There are nine cots and an operating table inside his clinic, currently all empty, although that will soon change if the rebels launch their long-threatened offensive.

Dr. Atiq's bedroom nearby is made of mud, with a metal army cot and a desk, upon which sits a kerosene lantern and an antique television set powered by a car battery. A map of Afghanistan hangs on the wall, along with two photographs of the murdered rebel commander Shah Ahmed Massood.

A fluorescent tube hanging from the roof provides the only light. His stethoscope lies on his bed and his camouflage jackets hang from a nail driven into the wall.

Last year, Dr. Atiq says, he treated 1,200 patients here, injured by land mines, shelling and gunfire. He does not often see the victims of Taliban atrocities because they are almost always killed.

As the doctor explains this, a boom interrupts him. It is a rocket-launcher at the front line blasting at the Taliban troops hidden in their bunkers in the Kalalatah Hills.
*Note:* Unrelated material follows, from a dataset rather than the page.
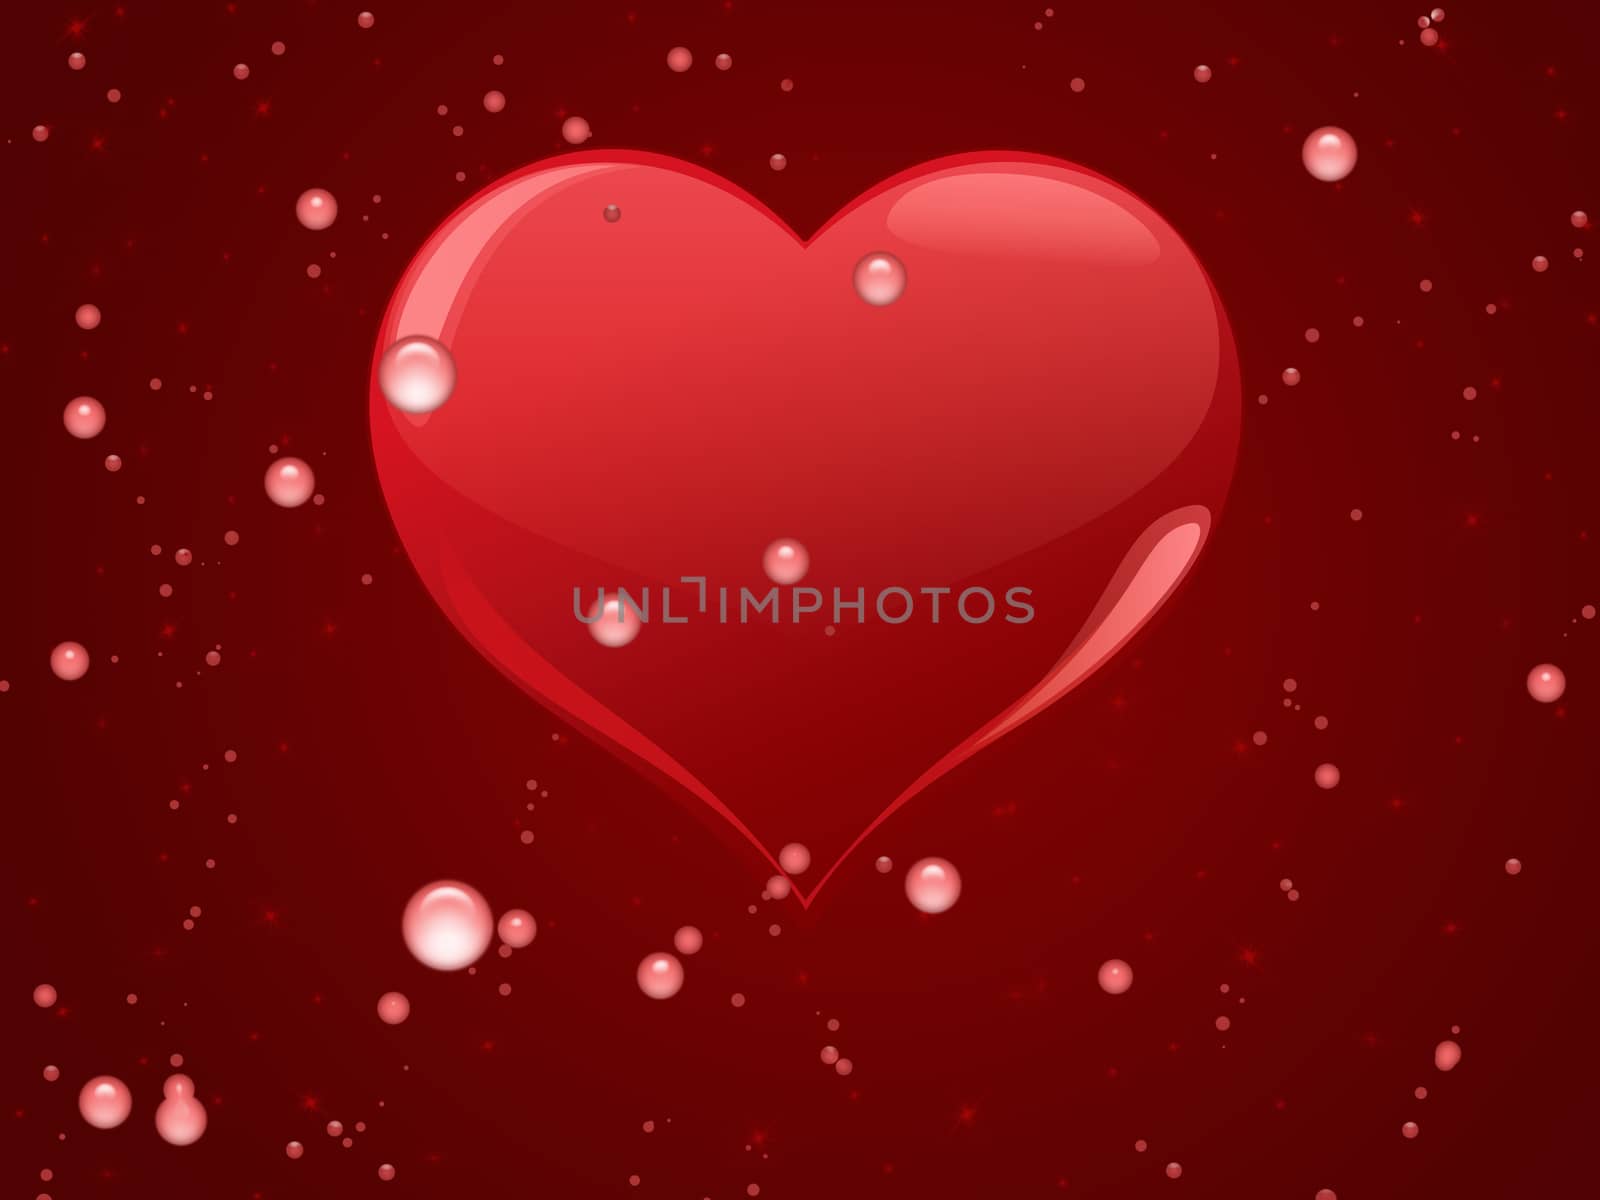 red heart with drops of water in front
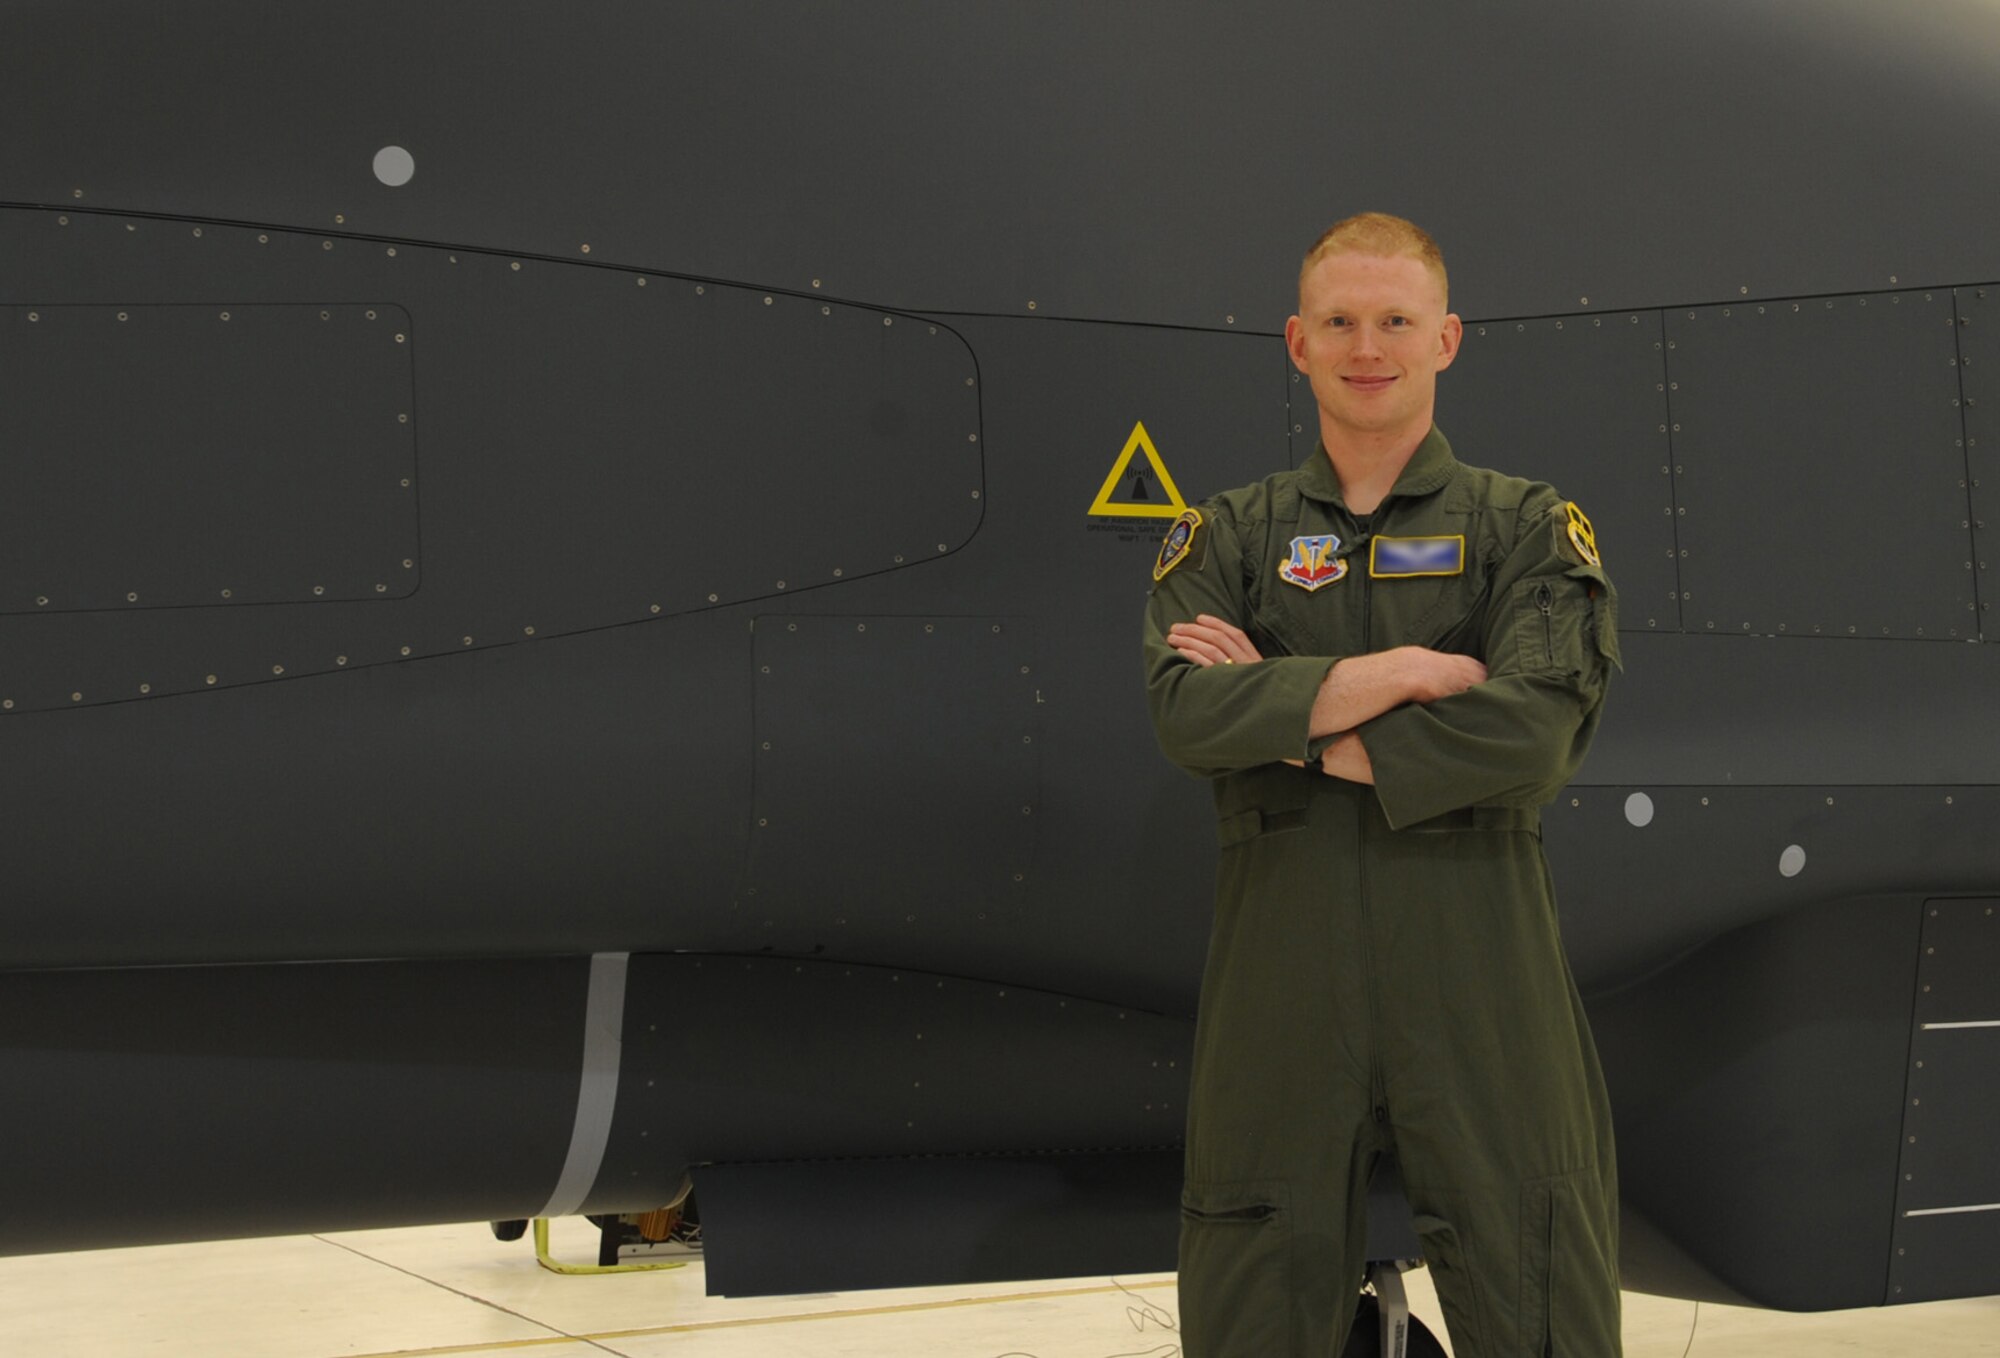 1st Lt. Peterson, 348th Reconnaissance Squadron, stands in front of a RQ-4 Globalhawk at Grand Forks Air Force Base, North Dakota, Sept. 8, 2014. Peterson was nominated by his command to be the Warrior of the Week for the second week of September. (U.S. Air Force photo by Senior Airman Desiree Economides/Released)

"We are sure the Taliban will be finished and you will see a good future for Afghanistan," he says.

Whatever happens, his future does not lie in this wasteland of a country. He is hoping to move his family to Britain to join his brother Shafiq.

But first there is the war, and the mounting flow of sick refugees whose tents, made of sticks and grain sacks, pop up like mushrooms each morning in the camp down the road.